Modeling based on V1 circuitry
To understand what neural mechanisms may underlie the differences between fovea and periphery, we constructed a model of V1 with the following constraints: physiologically plausible and able to make quantitative predictions for our measurements. Specifically, our model involves an orientation-selective layer of neurons (black) stacked on a color-selective layer of neurons (gray), Fig. 4A. Both layers are topographically organized, providing a cortical spatial map of the feature they are selective for (B and C). The orientation discrimination task is performed by the model based on the output of the orientation-selective layer only and similarly for color discrimination. The conjunction task is performed by combining the two feature maps to generate a joint color-orientation spatial map (see Fig. 2F). However, the spatial accuracy with which the two maps are combined depends on the precision of the local connectivity between the two neuronal layers (solid and dashed connecting lines in Fig. 4A).
|
An interesting aspect of the simulation is that not only does our model correctly predict the threshold elevation for conjunction in the periphery, but it also captures the set size effect (increasing trend with increasing set size) for both individual thresholds (Fig. 5A) and for their ratios (Fig. 5B). This may not be intuitively obvious in that we did not incorporate any special mechanisms (e.g., a serial searcher for conjunction) that would be trivially expected to produce this pattern. The effect derives from the fact that additional segments increase the opportunity for generating false targets (illusory conjunctions).
The model prediction for foveal ratio between conjunction and orientation at set size 16 is slightly smaller than one (left portion of light gray shading in Fig. 5B), meaning that our model predicts that size threshold in the conjunction task should be smaller than size threshold in the orientation discrimination task for this condition. This effect stems from the fact that the stimuli we used for the conjunction task contained two target segments, whereas there was only one target segment in the orientation discrimination task [although the 2 tasks were equivalent in terms of the number of configurations (i.e., 2) that targets could randomly take: (vertical and black) + (horizontal and white) or (vertical and white) + (horizontal and black) in the conjunction task, and vertical or horizontal in the orientation discrimination task]. Indeed, we observed this effect in some human observers (smallest open symbol in Fig. 3, A and D) and in the subject average (left-most open symbol in Fig. 5B), but it was rather small.
Our model allows us to make a number of additional predictions. For example, it predicts that if segments are spread further apart from each other, there will be less opportunity for wiring scatter to mislabel color and orientation at each segment location.
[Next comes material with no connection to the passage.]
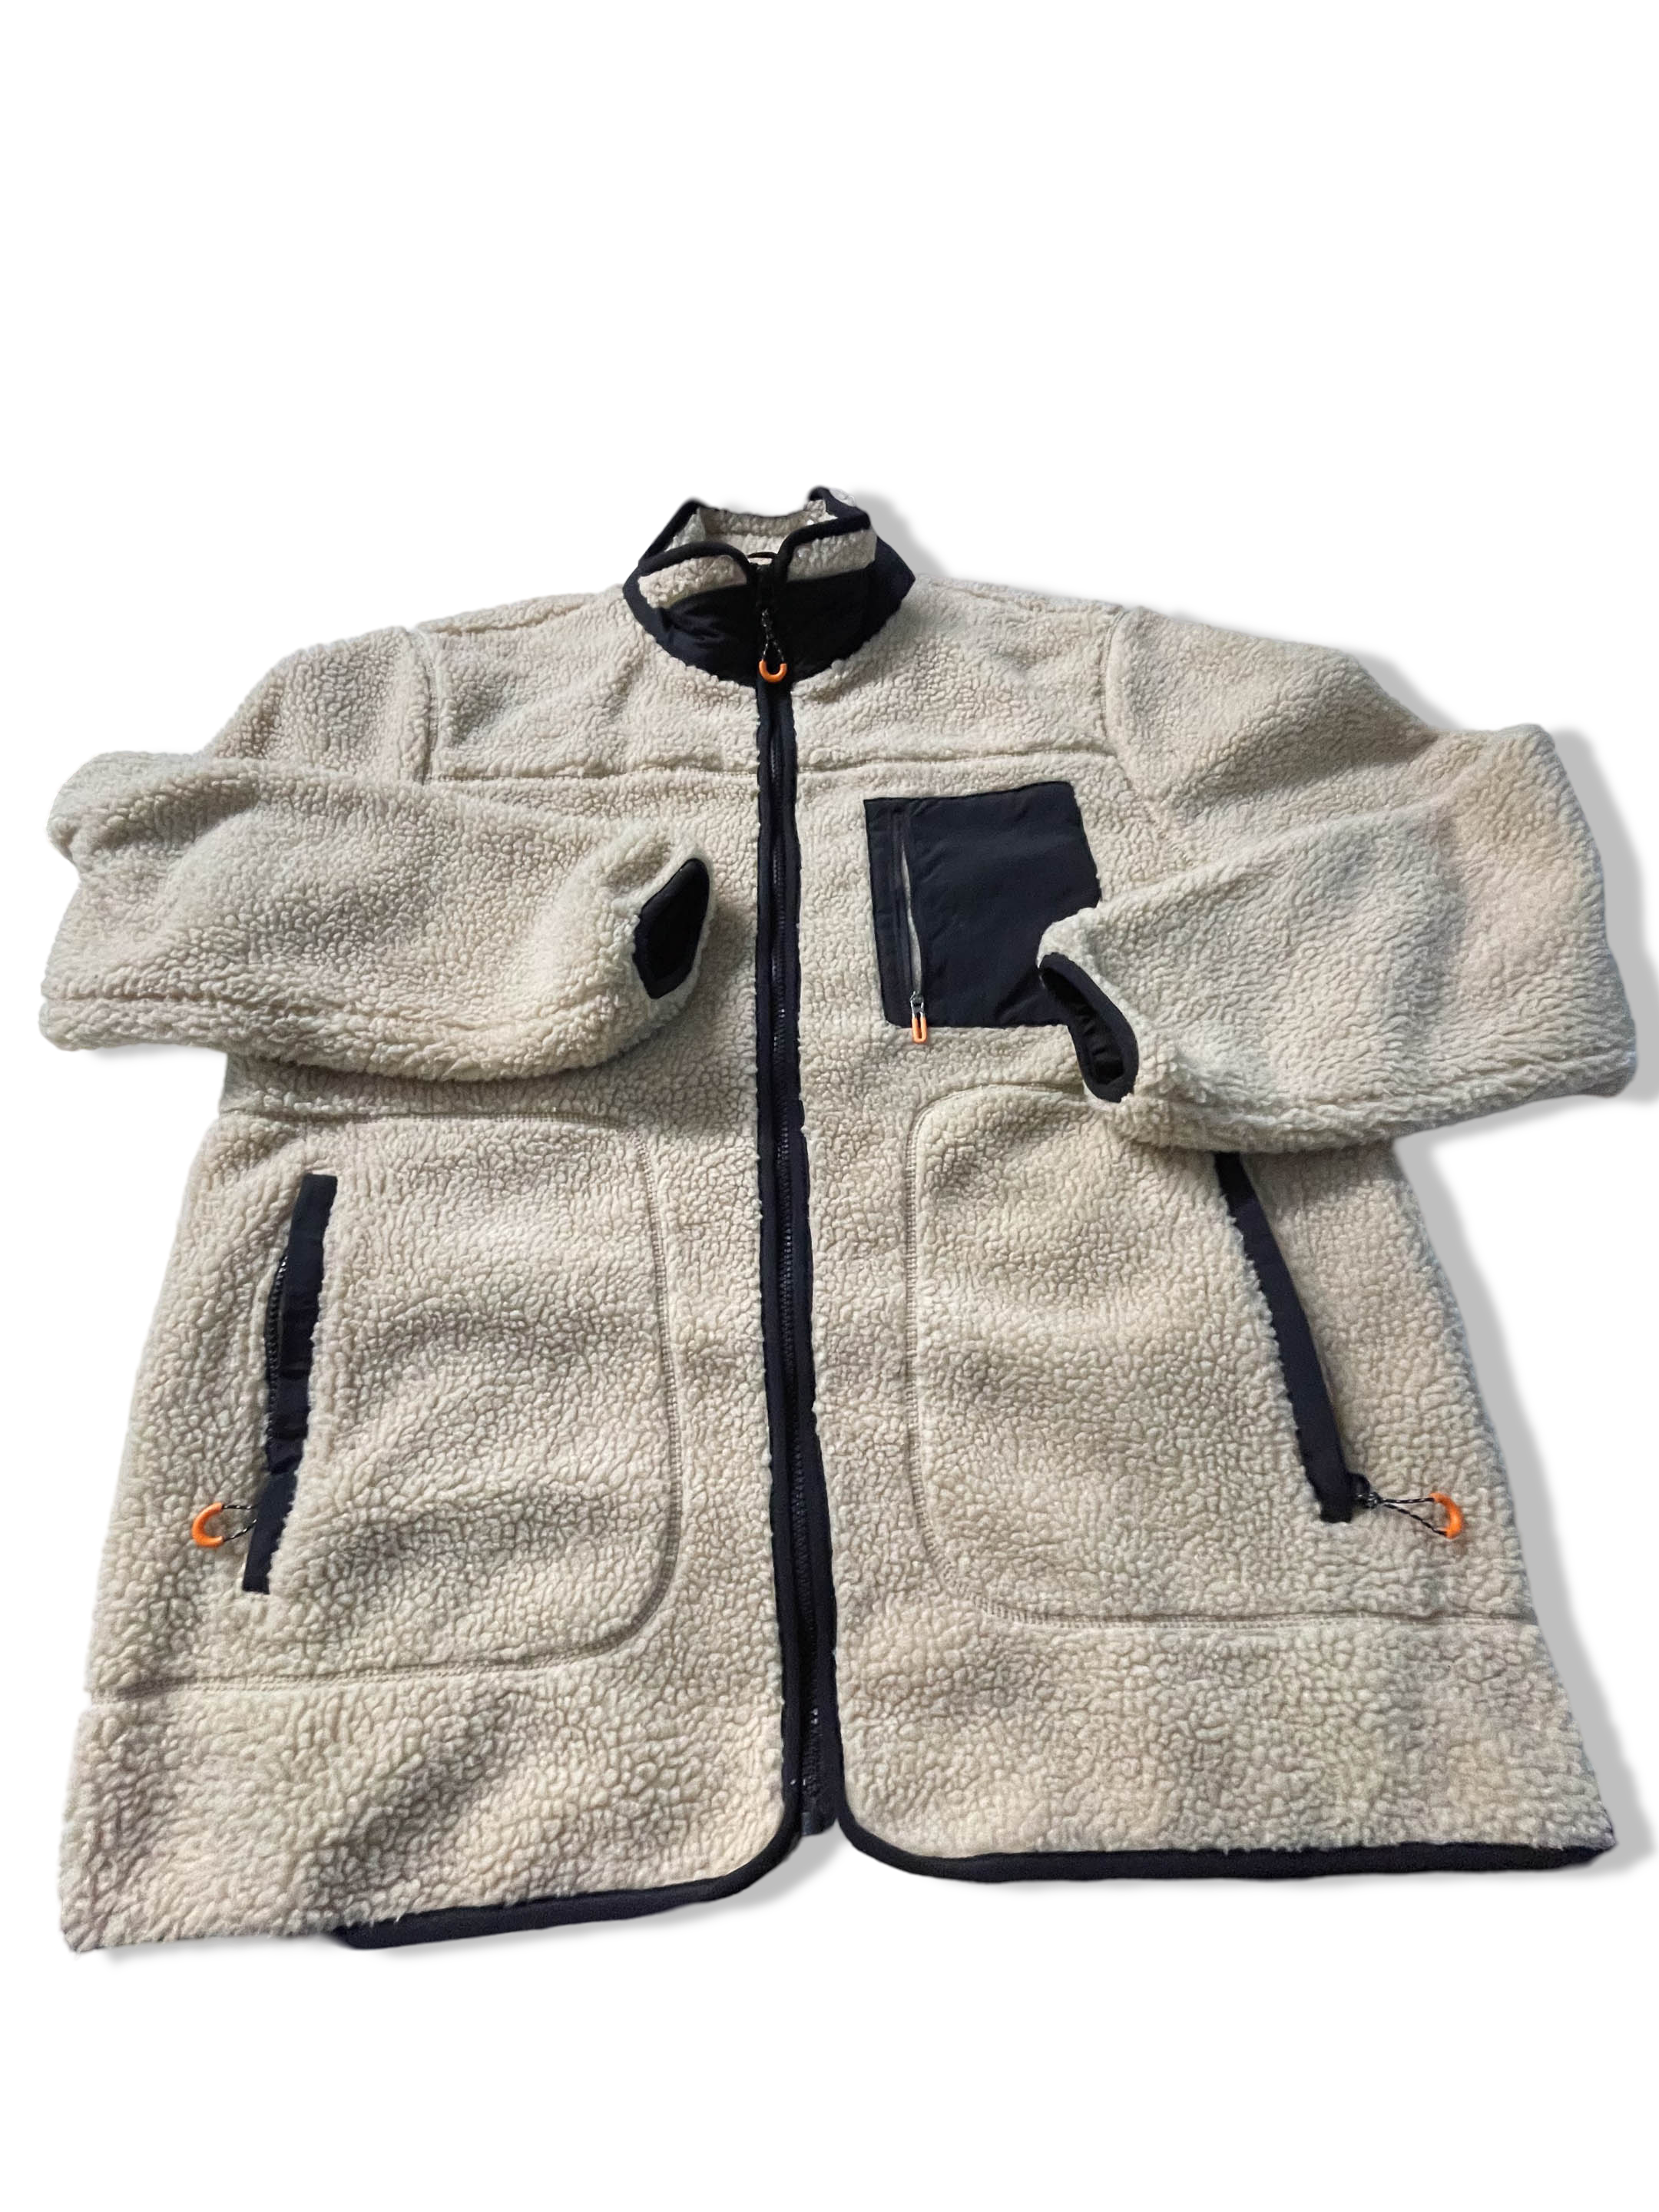 Vintage Men's Cream fleece full zip jacket in XL| L32 W24| SKU 3842

This should result in a reduction of the conjunction deficit in the periphery, as shown in gray diamonds in Fig. 5A and in gray shading in B. We were able to confirm this prediction experimentally within error (gray circles in Fig. 5 show the mean data; data for individual subjects shown in Fig. 3).
Another important prediction is that thresholds for the orientation discrimination task should be elevated if the discrimination is made between segments that differ only by 30° rather than 90° in orientation. Crucially, our model predicts that a similar elevation should be observed both at fovea and periphery [thin gray (fova) and black (periphery) lines in Fig. 5B] because there is no conjunction involved in this comparison (only the orientation map is used) and therefore no role for registration noise between color and orientation maps. Again we confirmed this prediction experimentally (small circles in Fig. 5B, open for fovea and solid for periphery).
Observers with abnormal early visual development (amblyopia)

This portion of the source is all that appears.